In der Europäischen Union entfallen auf den Verkehr mehr als 70 % des
gesamten Verbrauchs an Erdöl, wovon der größte Teil importiert werden
muss. Da es alle 50 Tage mehr als eine Million zusätzlicher Autos auf
Europas Straßen gibt, werden Kraftstoffverbrauch, Stau und
Umweltverschmutzung noch mehr ansteigen, wenn der interne
Verbrennungsmotor auch weiterhin die Hauptantriebsquelle von Fahrzeugen
bleibt.
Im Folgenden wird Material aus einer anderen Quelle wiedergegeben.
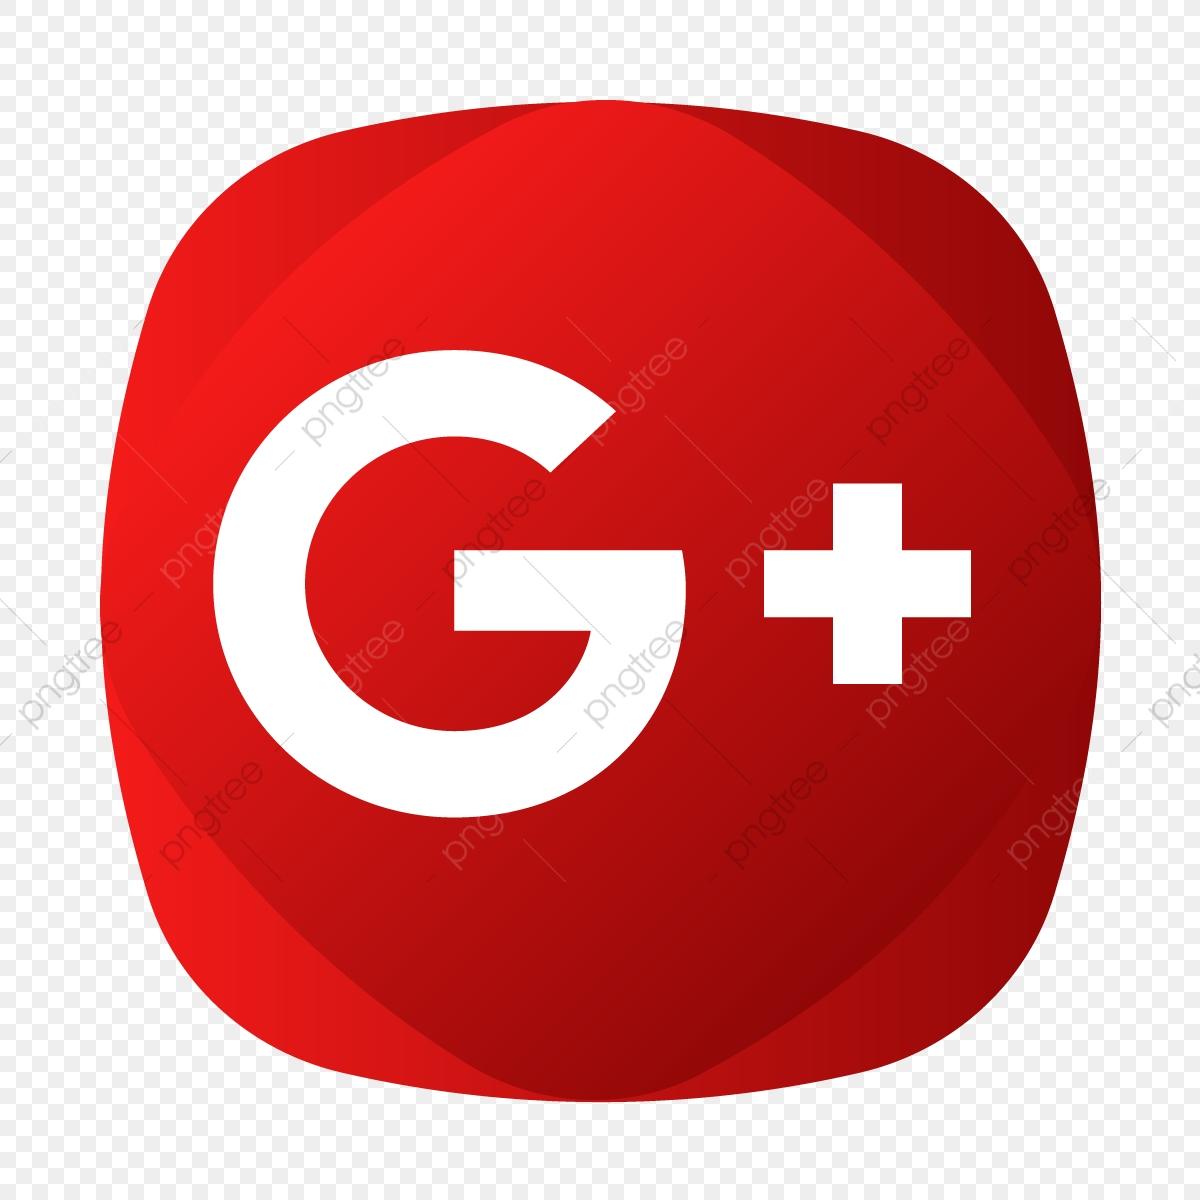 Google Plus Creative Icon, Google Plus, Google Plus Icon, Google.

Daher investieren die EU, nationale Regierungen und private
Unternehmen Milliarden in die Entwicklung von Elektrofahrzeugen.
"Anstatt Formen der Mobilität anzubieten, die auf ständig steigenden
Energiepreisen beruhen, ist die Branche mit der Schwierigkeit
konfrontiert, eine rationale Nachfrage nach Mobilität befriedigen zu
müssen: saubere und sichere Fahrzeuge mit geringem Energieverbrauch, die
mit weniger Energie und aus wiederverwertbaren und irgendwann einmal
selbstentsorgenden Werkstoffen hergestellt werden", sagt Dr. Pietro
Perlo, Geschäftsführer von Interactive Fully Electrical Vehicles
(IFEVS), einem italienischen KMU mit Schwerpunkt auf der Entwicklung von
Elektrofahrzeugen.
Dr. Perlo half bei der Beaufsichtigung der Entwicklung
richtungsweisender Elektrofahrzeugtechnologie im Rahmen des Projekts
"Integrated enabling technologies for efficient electrical personal
mobility" (P-MOB), das mit Finanzmitteln in Höhe von nahezu 2,8 Mio. EUR
von der Europäischen Kommission unterstützt wurde. Forscher aus sechs
Unternehmen (Siemens aus Deutschland, Mazel aus Spanien, IFEVS,
Polimodel und Fiat aus Italien sowie Magnomatics aus dem Vereinigten
Königreich) und die Universität Sheffield im Vereinigten Königreich
waren an dem Projekt beteiligt, im Rahmen dessen ein neues
Prototyp-Elektroauto mit einer Reichweite von 20 km wurde, das
ausschließlich mit Solarenergie betrieben wird.
Das von Centro Ricerche Fiat in Turin, Italien, koordinierte
P-MOB-Team wollte die wachsende Transportkapazität von der steigenden
Anzahl der Verkehrstoten, der zunehmenden Verkehrs- und Umweltbelastung
abzukoppeln, indem es den Prototypen eines Elektrofahrzeugs entwickelt,
das nicht nur sauber, sondern auch extrem sicher und kompakt ist.
Hierbei verfolgten die Forscher ein völlig neues Konzept für die
Integration modernster Systeme, indem sie sich u. a. auf Solarzellen,
Elektromotor und magnetische Drehmomentregelung, Leistungs- und
Energiemanagement, verteilte Akkus und Technologien, mit der
Elektrofahrzeuge wieder Strom in Netz einspeisen, wenn sie nicht benutzt
werden, konzentrierten.
"Diese Konstruktion zeichnet sich durch die höchste
Sicherheitseinstufung, einen geringen Platzbedarf und einen extrem
niedrigen Energieverbrauch aus, weshalb das Fahrzeug optimal für Leute
in der Stadt und in den Vororten geeignet ist", erklärt Dr. Perlo.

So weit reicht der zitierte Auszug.